Writing YAML files for Kubernetes can get repetitive and hard to manage, especially if there is a lot of 'copy paste' involved when only a handful of parameters need to be changed from one deployment to the next and there is a 'wall of YAML' that needs to be modified. Enter Helm - a framework for creating, executing and managing Kubernetes deployment templates. What follows is a very high-level demonstration of how Helm can be used to deploy our ML model scoring service - for a comprehensive discussion of Helm's full capabilities (there are a lot of them), please refer to the official documentation. Seldon-Core can also be deployed using Helm and we will cover this in more detail later on.

Installing Helm

As before, the easiest way to install Helm onto Mac OS X is to use the Homebrew package manager,

brew install kubernetes-helm

Helm relies on a dedicated deployment server, referred to as the 'Tiller', to be running within the same Kubernetes cluster we wish to deploy our applications to.

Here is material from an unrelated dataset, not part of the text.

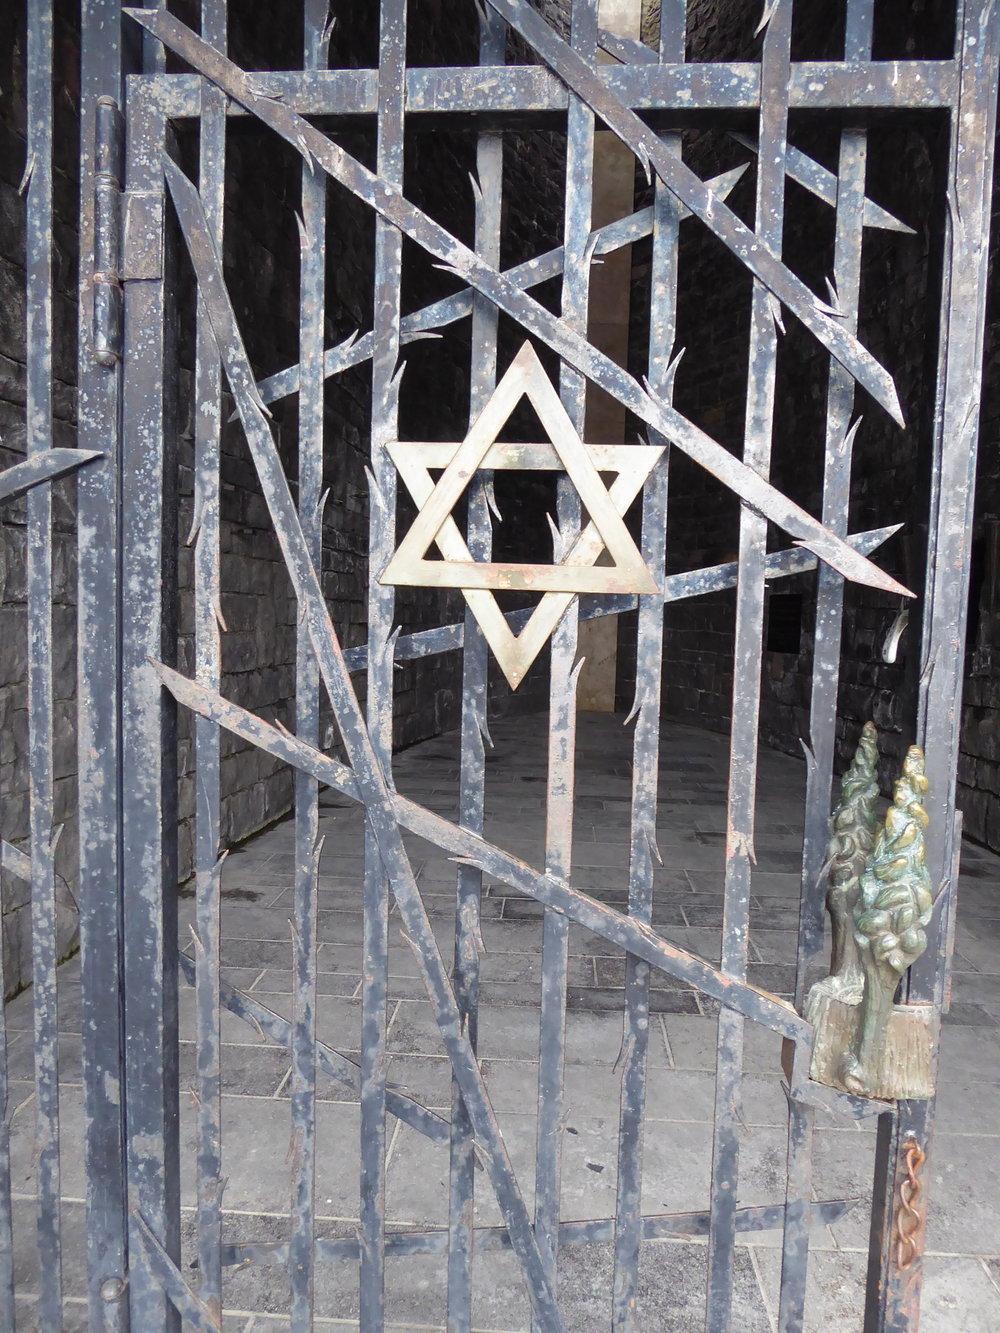 Gate of the Jewish memorial at Dachau.

Before we deploy Tiller we need to create a cluster-wide super-user role to assign to it (via a dedicated service account),

kubectl --namespace kube-system create serviceaccount tiller
kubectl create clusterrolebinding tiller \
    --clusterrole cluster-admin \
    --serviceaccount=kube-system:tiller

We can now deploy the Helm Tiller to your Kubernetes cluster using,

helm init --service-account tiller

Deploy our ML Model Scoring Service

To initiate a new deployment - referred to as a 'chart' in Helm terminology - run,

helm create NAME-OF-YOUR-HELM-CHART

This creates a new directory - e.g. helm-ml-score-app as included with this repository - with the following high-level directory structure,

helm-ml-score-app/
 | -- charts/
 | -- templates/
 | Chart.yaml
 | values.yaml

Briefly, the charts directory contains other charts that our new chart will depend on (we will not make use of this), the templates directory contains our Helm templates, Chart.yaml contains core information for our chart (e.g. name and version information) and values.yaml contains default values to render our templates with (in the case that no values are passed from the command line).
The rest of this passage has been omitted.